June 28 2012

What Was Chief Justice John Roberts Thinking?

Anna Rittgers

In his statement from the bench today, Justice Kennedy said that in the view of the dissent: “the entire Act before us is invalid in its entirety.”

So what happened?  Why did Chief Justice Roberts side with the left-leaning judges?  My guess is that Roberts was afraid of the blow-back that the Supreme Court may receive for invalidating the whole thing.  It appears that he chose popularity over principle.  That’s not his role – he is a steward of the Constitution, not a candidate for class president.

My initial reaction:  this decision hinged on Roberts’ desire to be seen as a uniter, not a divider, on the Court.  This is a violation of his oath to read the Constitution and to faithfully interpret those laws within the paradigm of the Constitution, and a failure to call balls and strikes as an impartial umpire – his own words during his confirmation hearings.

The Chief Justice may think he's thrown limited government proponents a bone by limiting the Commerce Clause, but by embracing the notion that the Affordable Care Act’s mandate is a tax – an argument roundly defeated in the lower courts – Chief Justice Roberts has set the groundwork for the next avenue of an expansive federal government at the expense of individual liberty.

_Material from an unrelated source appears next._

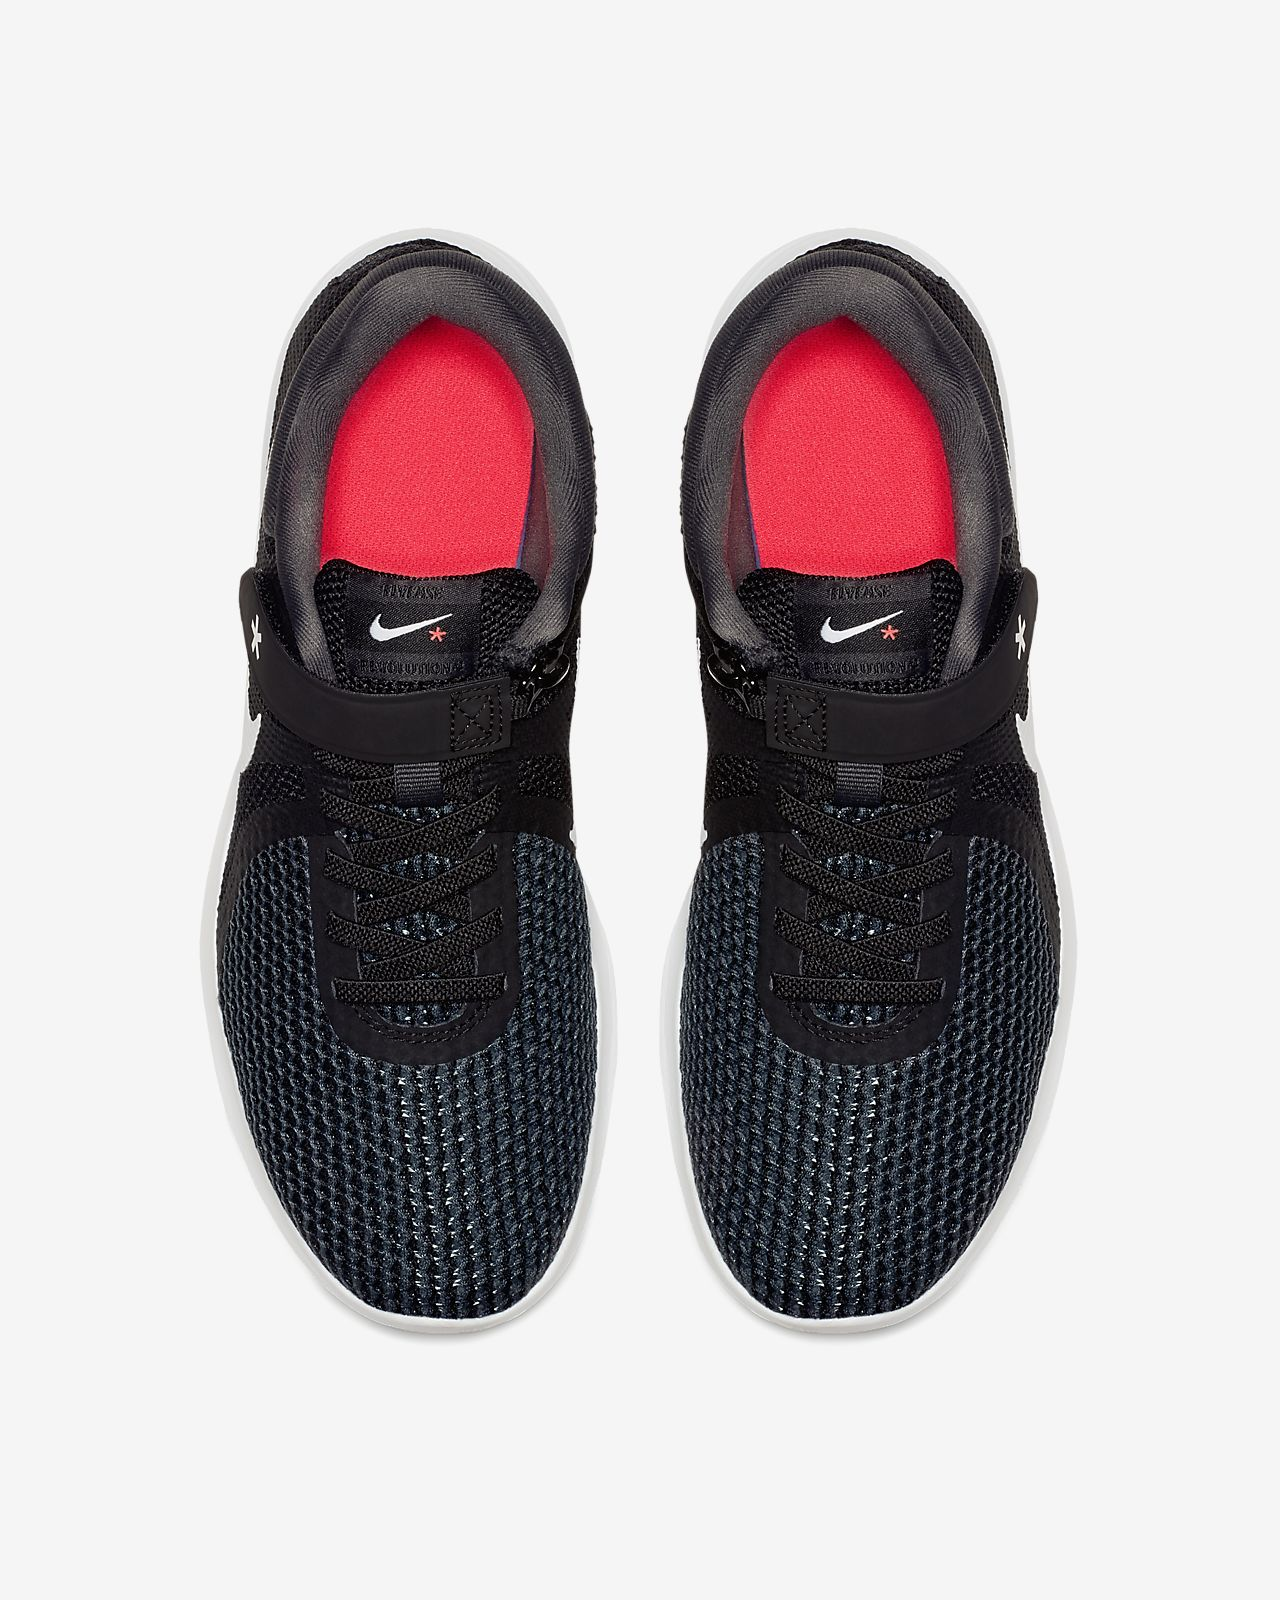 af572163c17 Nike Revolution 4 FlyEase Hardloopschoen voor dames. Nike.com BE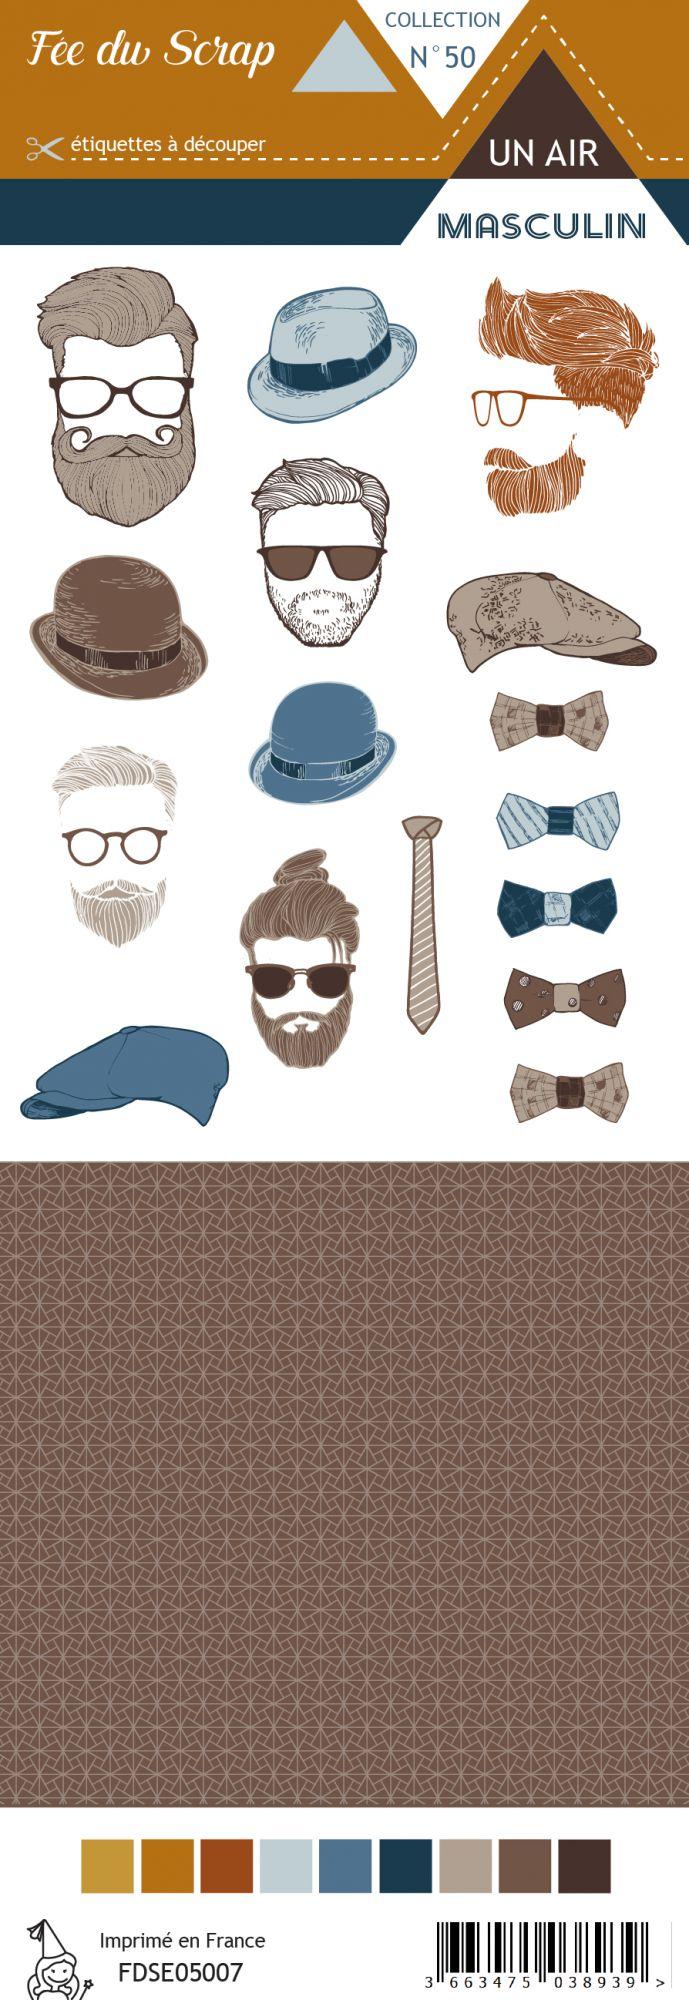 Etiquette un air masculin - Hipster

The decision also shows that Chief Justice Roberts proved susceptible to progressives' preemptive attacks on the Supreme Court, threatening to delegitimize the Court in the public eye if the Affordable Care Act were overturned. 

What does this mean?  Advocates of big government will now argue that the Congress can compel nearly anything of its citizens (read:  subjects) under the rationale that if you don't do it, we can tax you. 

This is an unexpected – and deeply disappointing – embrace of an obscure and unfounded argument in support of the Affordable Care Act.